The lack of staff has impaired the office’s ability to progress cases during the start of his term as ombudsman, but he hopes to have a full complement by the end of the year, allowing him to “see what I can do with that and where I can go”.

In the run-up to the children’s rights referendum, his predecessor had lobbied for a broader Constitutional change, rather than the eventual wording that specified the areas of court services, childcare and adoption. But the principle is there now and Muldoon’s priorities include pushing for consideration the best interests of children across all areas.

The Government assessing the likely impact on children before deciding policy is a “crucial” part of that.

"It has started to some degree," he says, with the Department of Social Protection doing it pre-budget. (The near doubling of child poverty levels from 6.8 per cent in 2008 to 11.7 per cent in 2013 suggests it's badly needed.)

Even still, says Muldoon, it’s unknown how much the State is spending on children in various areas. “No sense that you follow the money and see if it is working.”

For more information about the Ombudsman for Children, see occ.ie

swayman@irishtimes.com

Rights of the child and the United Nations Committee The Government will appear before the United Nations Committee on the Rights of the Child in January to answer questions about the State's record on children's rights over the past decade.

A list of issues it has been asked to respond to in the run-up to the hearings in Geneva include measures taken to reduce the negative impact of austerity measures on children's rights.

With child poverty having risen from 6.8 per cent in 2008 to 11.7 per cent in 2013, that could be a tough one for the delegation of senior officials from the Department of Children and Youth Affairs and other relevant departments, due to be headed by Minister for Children James Reilly.

It is also being requested to clarify the legal definition of “real and substantial risk” under the Protection of Life during Pregnancy Act of 2014 and the applicability of this Act for pregnant girls.
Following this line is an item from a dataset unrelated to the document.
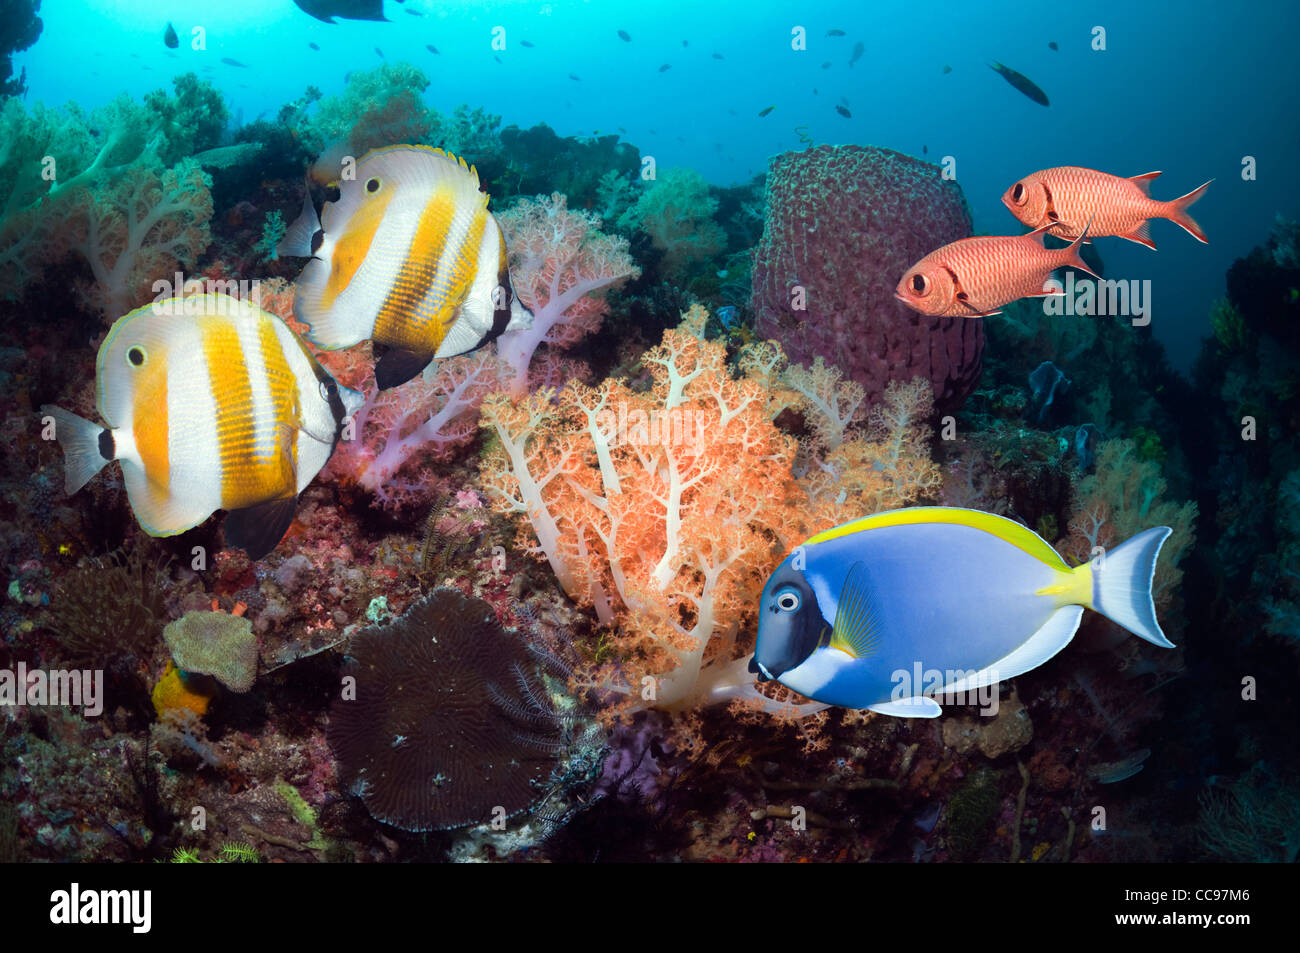 Orange banded coralfish (Coradion chrysozonus), Powderblue surgeonfish (Acanthurus leucosternon) swimming over coral reef. Stock Photo

The committee is seeking information on matters including: allegations that the Garda Pulse system is being misused to record Traveller children as criminals based solely on their ethnicity; on measures being taken to ensure that children are not denied placement in schools on the basis of their religion; and the State's efforts to ensure that the direct provision system is child friendly and that unaccompanied minors are not left stateless or in a situation of legal ambiguity when turning 18.

Tanya Ward, chief executive of the Children’s Rights Alliance, which was involved with briefing the UN Committee, welcomed the publication of the checklist in June, describing it as “a critical tool used by the committee to probe areas of concern”. The Government has been asked to respond by mid-October.